This essay continues my earlier “Fearing Death“. There I explored how different assumptions as to whether there is life after the physical body dies have led thinkers in different directions. Here I explore further the implications of the idea of an afterlife. It brings up an interesting philosophical question, the nature of personal identity.

We do not need to affirm belief in an afterlife to consider the idea; instead, we can look on it as a thought experiment. If you did live on in some form after the physical body dies, how would you know that you are you? All this is speculative, of course, but apparently the transition from one form of existence, the physical, to another, whatever that may be, involves shedding layers of what we might call our self. The more that are shed, the closer the remainder would be to the essence of selfhood.

The layers I have in mind were delineated nicely by William James in his monumental Principles of Psychology(1896). He contrasts two senses of the term “self,” the empirical self and the pure ego.(1) The empirical self comprises everything that each of us can be conscious of and call “me.” The pure ego is what is conscious of all those things. In this thought experiment I focus only on the empirical self. Psychological research into the workings of the brain, the neurological substrates of perception and thought and the like has advanced greatly since James’ time, but his broad categories of selfhood are still quite applicable. There are three aspects to the empirical self, he says: the material, the social and what he calls the “spiritual,” which nowadays we should rather call the mental or psychological.(2)

The material self is our body. Each of us is a physical thing separate from other physical things. If someone asks where we are, the answer is where our physical body is located. If someone asks who ate the cookies, the culprit, if honest, says “I did,” meaning that his (or her or their) body physically ingested them. In such cases we identify ourself with our body; that is, we think of ourself as our body.

The social self is similar, but in the interpersonal realm rather than the physical. Each of us appears to and is known by other people. Insofar as we have an idea of how we appear, we can think of ourself as the person that the others know us as. In each relationship or in each social situation we have a persona or public personality; this is what James calls the social self. He says “A [person’s] Social Self is the recognition which he [or she or they] gets from his [or her or their] mates.”(3)

Finally, James speaks of the spiritual self, by which he means “[one’s] inner or subjective being, [one’s] psychic faculties or dispositions.”(4) This use of the term “spiritual” is a bit archaic; nowadays we would say “mental” or “psychological.” A better term might be “subjective self.”

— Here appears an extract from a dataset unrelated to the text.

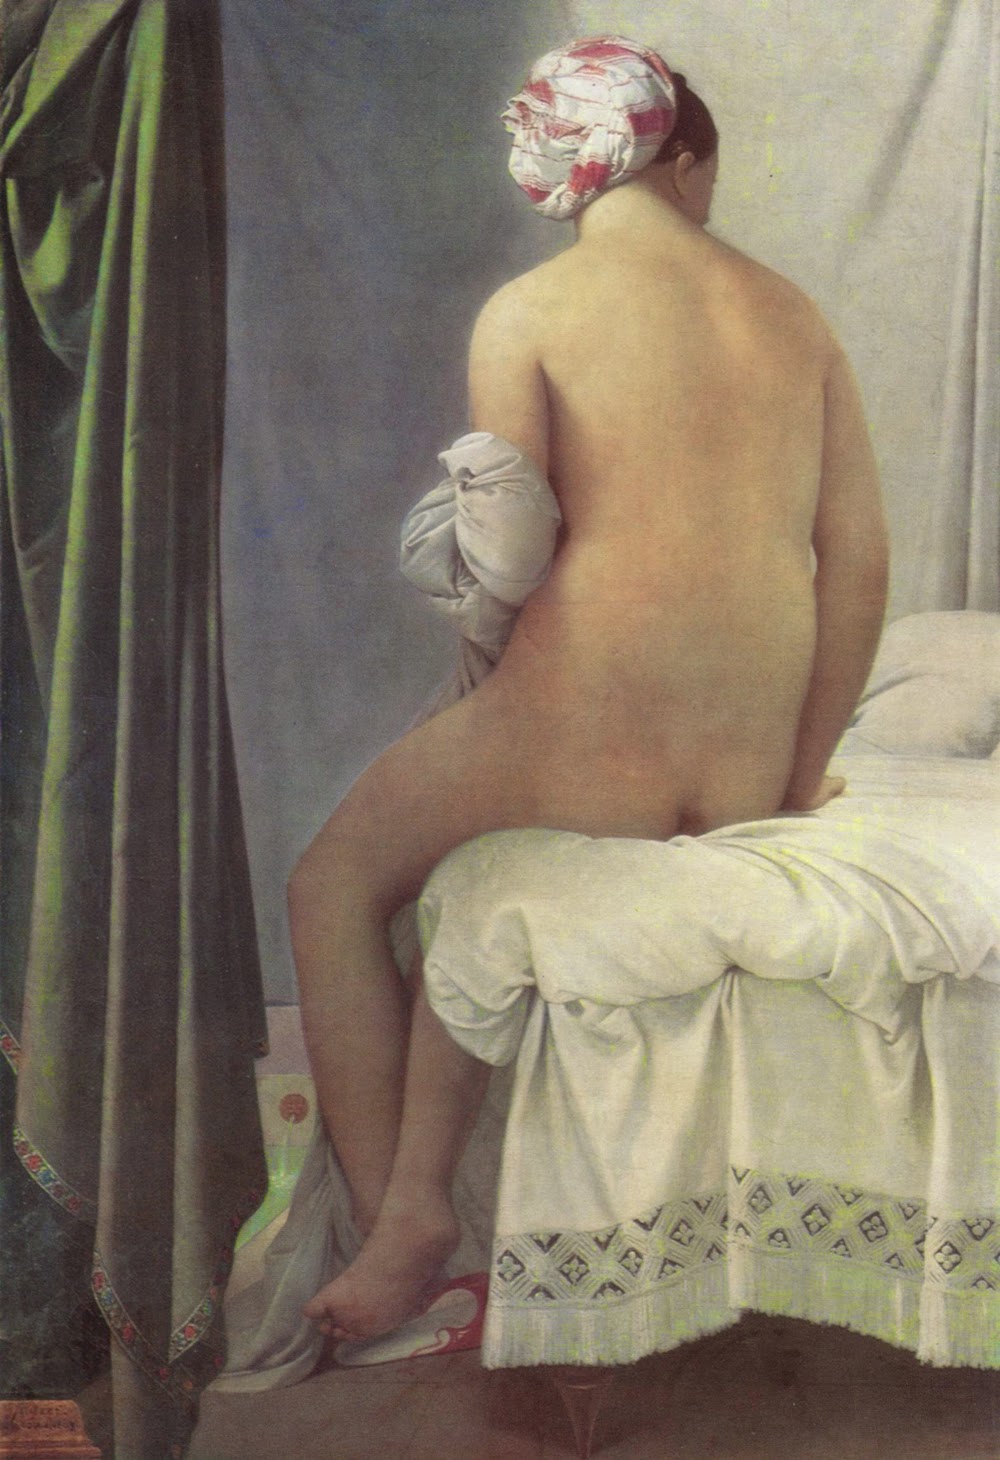 Jean+Auguste+Dominique+Ingres-1780-1867 (202).jpg

With these categories in mind, let’s consider what might happen to you at the time of death. You would be removed from one world and inserted into another. I suppose it would be a bit like going through the transporter in Star Trek, in which one is beamed from one place to another instantaneously. Your surroundings would change, and you would find yourself all of a sudden someplace else.

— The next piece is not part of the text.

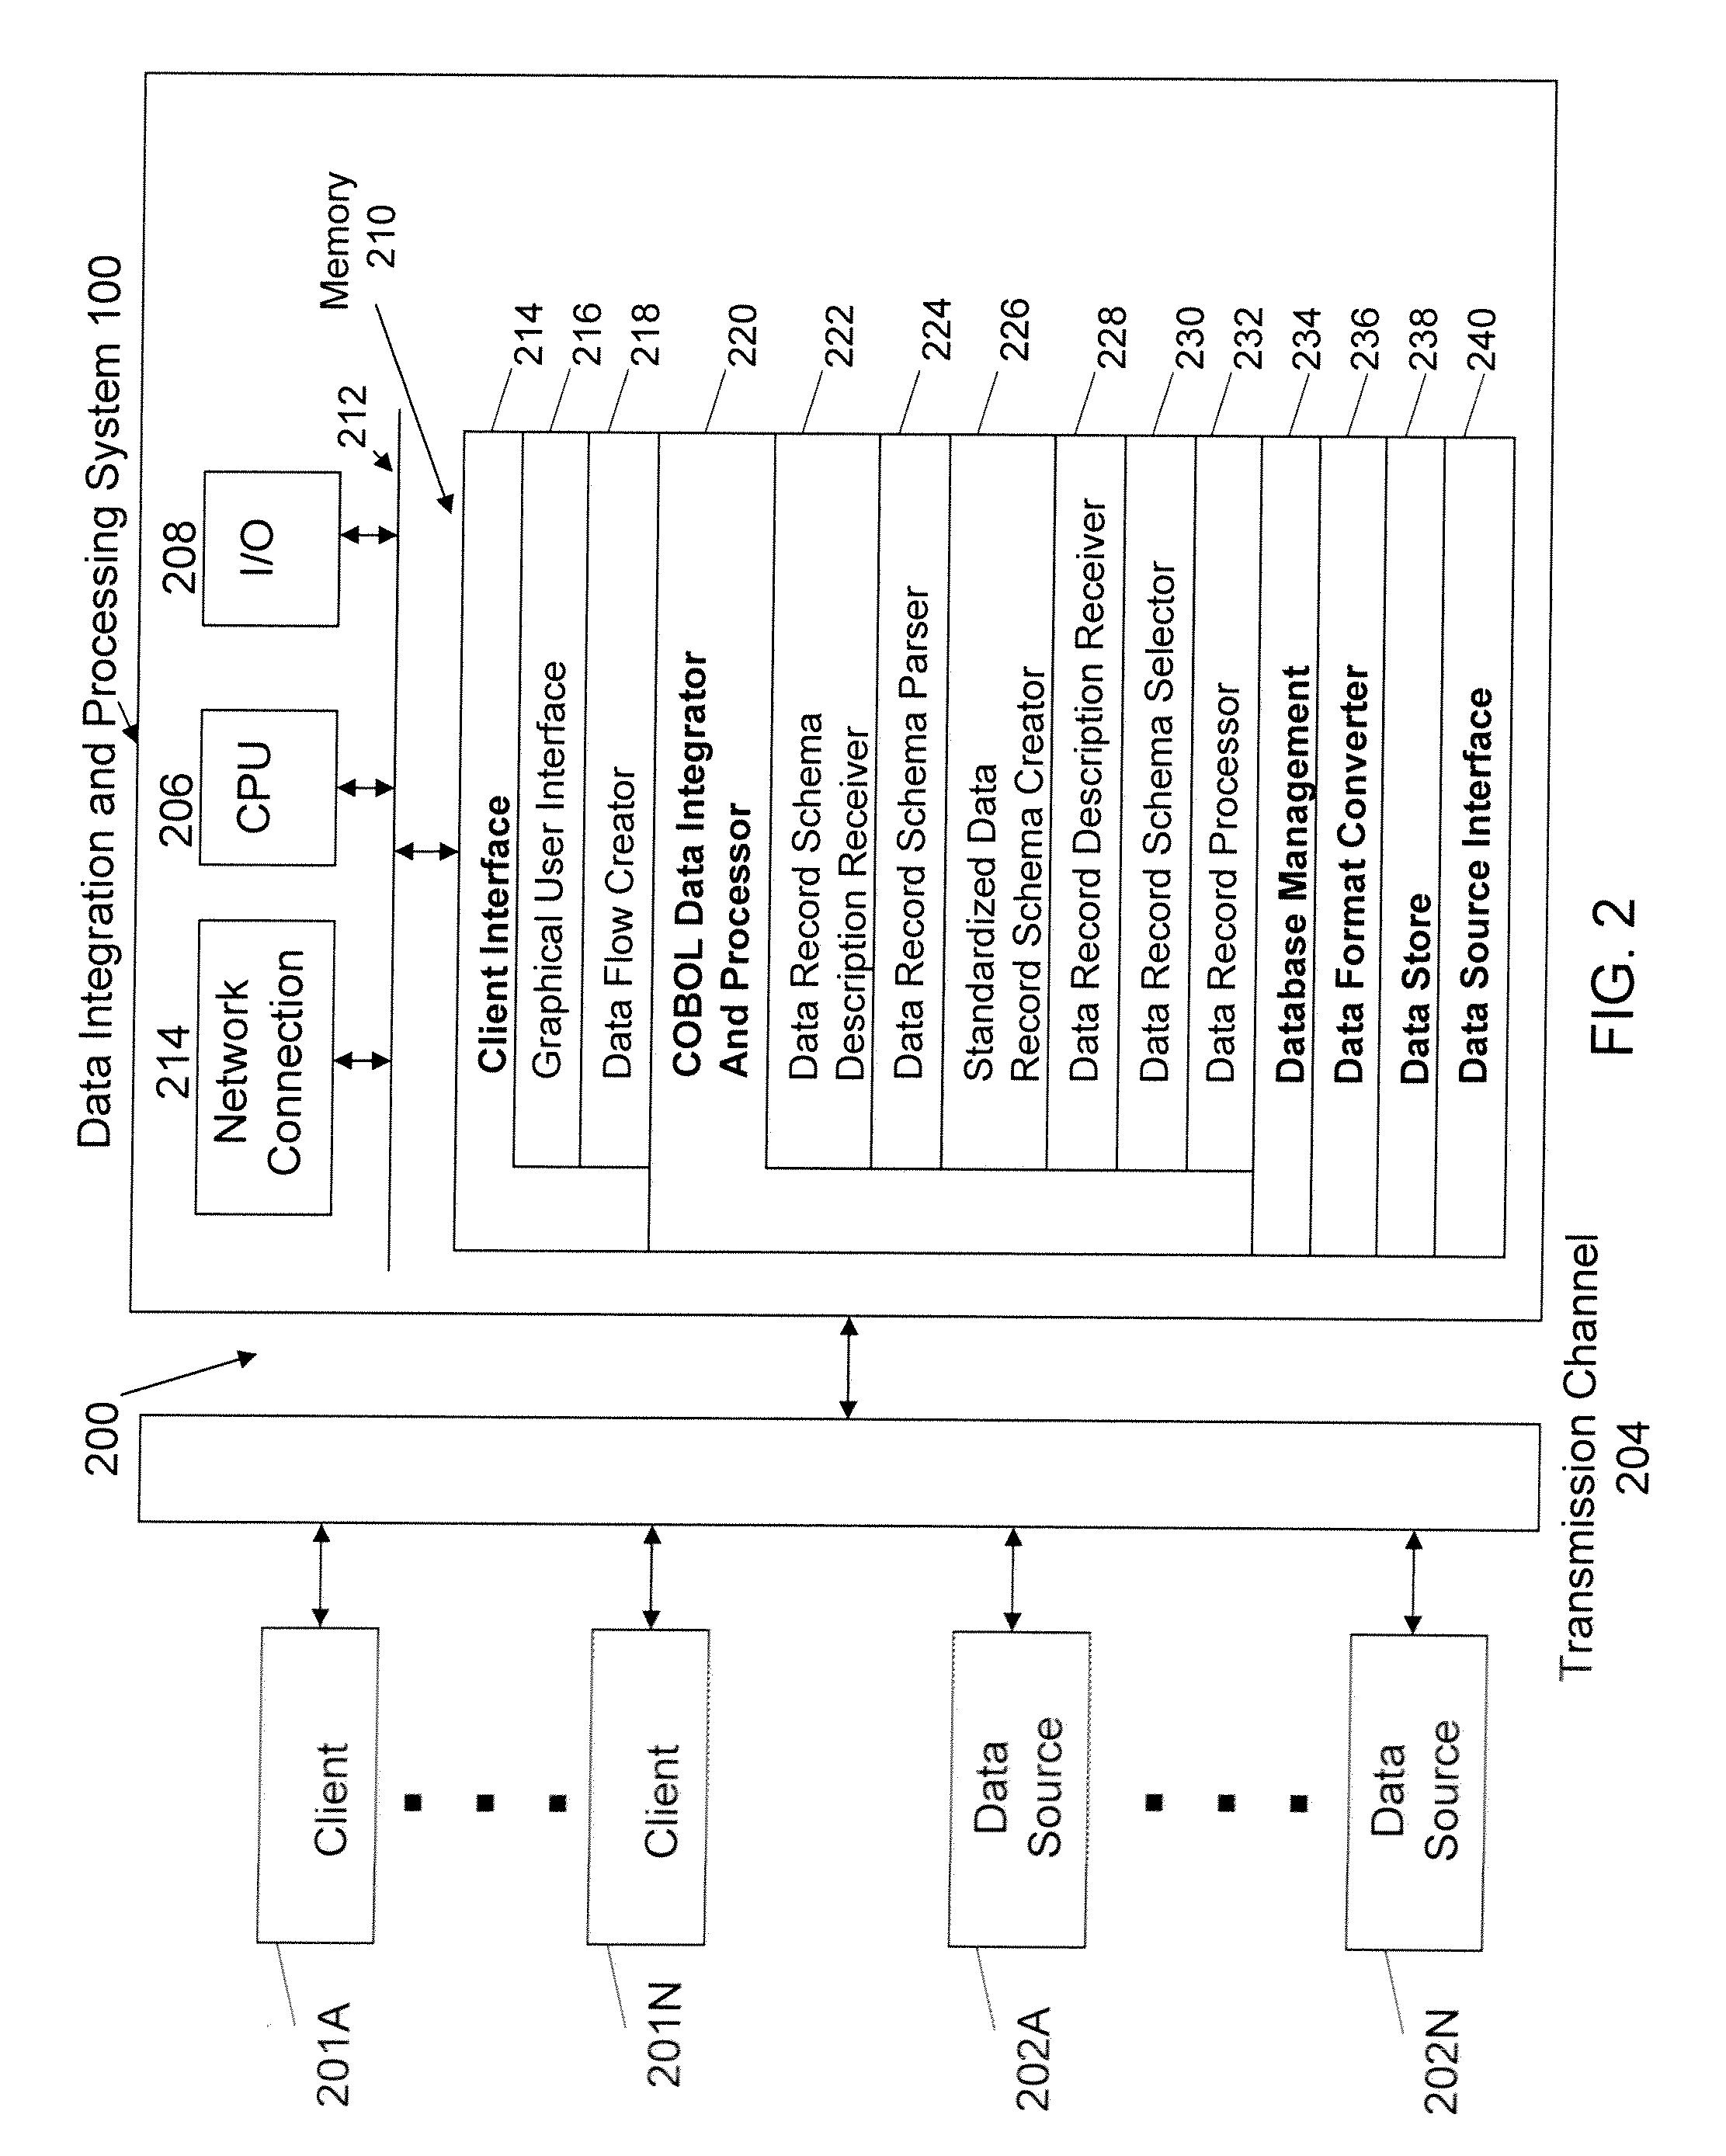 Apparatus and method for processing data corresponding to multiple cobol data record schemas

But there is an obvious difference: you wouldn’t have a body. Nothing that has mass would accompany you to the afterlife. In Star Trek your whole body is transported and you with it; but in the moment of death, the physical body dies and is left behind. You would not have the bodily feelings that form a large part of your sense of self as a continuous entity. You might have memories and anticipations of such feelings, but over time your memories would fade and your anticipations, diminish. For those who have emotional attachment, perhaps pride, in their body, this might come as a shock. For those who lived their final days in pain, it might be quite a relief. But in any case, what James calls the material self would be gone, and you could not use it to know that you are you.

But you would be someplace; you would have a world surrounding you. How could this be? By definition in this thought experiment, the physical world is left behind. The answer is that your world would not be physical, but mental. It would be rather like a dream or a computer simulation or a virtual reality. And in this world you would most likely find other people. Your social self would survive.

Your sense of who you are depends on how people treat you. If they treat you as the same person over time, then you take yourself to be that person. In our thought experiment, we can assume that other people will be there, so you would have a sense of yourself as social. But what specifically shall we assume? Different religions paint different pictures. You might be with people you know or with people you don’t. You might be with angels. Or demons. You might be in a paradise or a hell or some kind of purgatory in between. The story is indeterminate; it could well be different for each person. (If you want more detail, please feel free to fill in here what makes sense to you.) Instead of positing specific scenarios, we can consider the structural characteristics of such a world.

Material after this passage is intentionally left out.